На этом фоне становится понятной акция Родзянко, предпринятая в январе 1917 г. в связи с роспуском Думы. Когда председатель Совета министров показал ему три подписанных царем указа о роспуске Думы, предусматривавшие три разных варианта этого роспуска (полный роспуск и новые выборы, роспуск до окончания войны и роспуск на неопределенное время без указания даты), из которых он мог выбирать любой, Родзянко в ответ на этот шаг обратился с призывом за помощью... к Совету объединенного дворянства. «Я оказался вынужденным,— объяснял он,— искать ту организацию общественного характера, которую упразднить и заставить молчать невозможно (?) по самому существу дела». С этой целью он вызвал из Москвы Базилевского и Самарина с его товарищами по Постоянному совету князем Куракиным и Карповым и петроградского предводителя Сомова. «Разъяснив им положение вещей и возможность моего ареста (?!) и высылки, я просил в этом случае их стать на страже интересов страны... Представители дворянства вполне разделяли мою точку зрения и поняли мои опасения...» 95.
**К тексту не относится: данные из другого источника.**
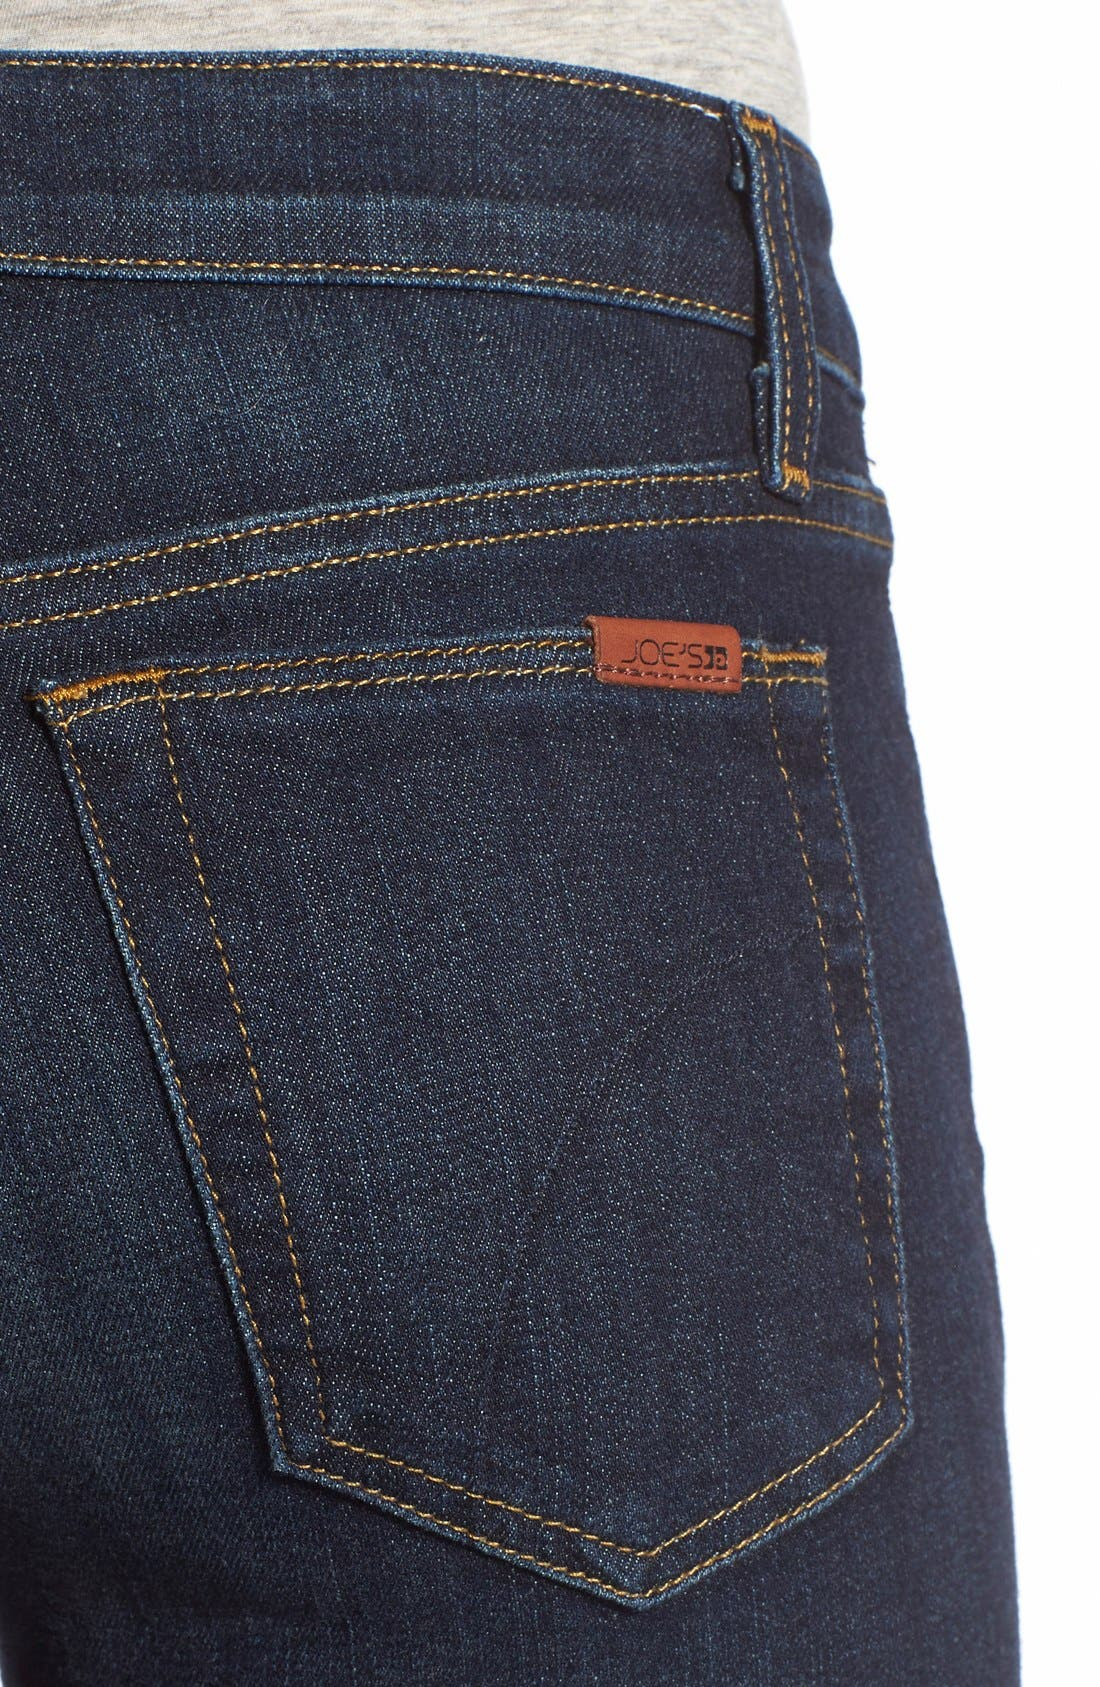 Honey Curvy Bootcut Jeans,                             Alternate thumbnail 4, color,                             Rikki

Кроме них, из Москвы прибыли Г. Е. Львов, Челноков и Коновалов 96, и вот этой «великолепной семерке», по мысли Родзянко, предстояло спасать положение. Его опасения оказались напрасными, страхи преувеличенными, а вся деятельность Самарина свелась к тому, что он испросил аудиенцию у царя, где изложил последнему
снова все то, что Николай II слышал уже десятки раз. Родзянко также сообщает, что на 19 января было решено созвать съезд «объединенного дворянства», но вряд ли это утверждение соответствует действительности: во всяком случае, в архиве Постоянного совета, полностью сохранившемся, на этот счет нет ни малейших намеков.
Свидельство Родзянко интересно и с другой стороны. Оно говорит, во-первых, о том, что в либеральном общественном мнении «объединенное дворянство» и всероссийские Земский и Городской союзы выносились за скобки единой оппозиции, и, во-вторых, дворянские организации и их Постоянный совет по-прежнему представляли в его глазах внушительную политическую силу, способную на многое. Иначе говоря, итоги XII дворянского съезда были расценены в широких помещичье-буржуазных кругах как симптом возрождения и упрочения организации.
Такое представление уже не соответствовало действительности. По всему было видно, что этот съезд был началом конца общедворянской организации: у царя позиции были подорваны, главная ударная сила — Постоянный совет — разоружен, а сами «объединенные дворяне» деморализованы.
Обладавший весьма тонким нюхом по части всяческого гниения и разложения, нововременский журналист понял это еще задолго до XII съезда. В статье с показательным заголовком «Домогательства справа» Меньшиков в связи с письмом Струкова ставит коренной вопрос: соответствует ли действительности претензия дворянства считать себя опорой России? Ответ давался резко отрицательный.
Около 200 лет «Россия была предоставлена в исключительное распоряжение „служилому сословию"», т. е. дворянству. И что же, выполнило ли оно свой долг? «К глубокому сожалению, нет». Благодаря дворянству «народ вышел из крепостного быта менее цивилизованным, чем он был в эпоху писцовых книг...». «И после освобождения власть дворянской бюрократии не прекращалась, как не прекращается она и до сих пор». Но она все больше разбавляется за счет разночинной интеллигенции. Необходимость заставляет обращаться не к званиям, а к способностям. Самой выразительной была концовка статьи: «Не хочется употреблять неприятных выражений вроде „банкротство", „крах" и т. д.», но затрудняешься обойтись без них. «Мало ли что в истории было да сплыло». Дворяне — это всего лишь один процент населения, «притом ни образованностью, ни талантами, ни героизмом дворянство уже не представляет исключения среди других обеспеченных кланов» Э7.
Это уже было похоже на отходную и, самое главное, проповедовал ее человек, альфой и омегой поведения которого было пресмыкательство перед власть имущими, человек, который незадолго до войны ядовито высмеивал претензии буржуазии занять место дворянства, награждая при этом «первенствующее сословие» всевозможными добродетелями и достоинствами.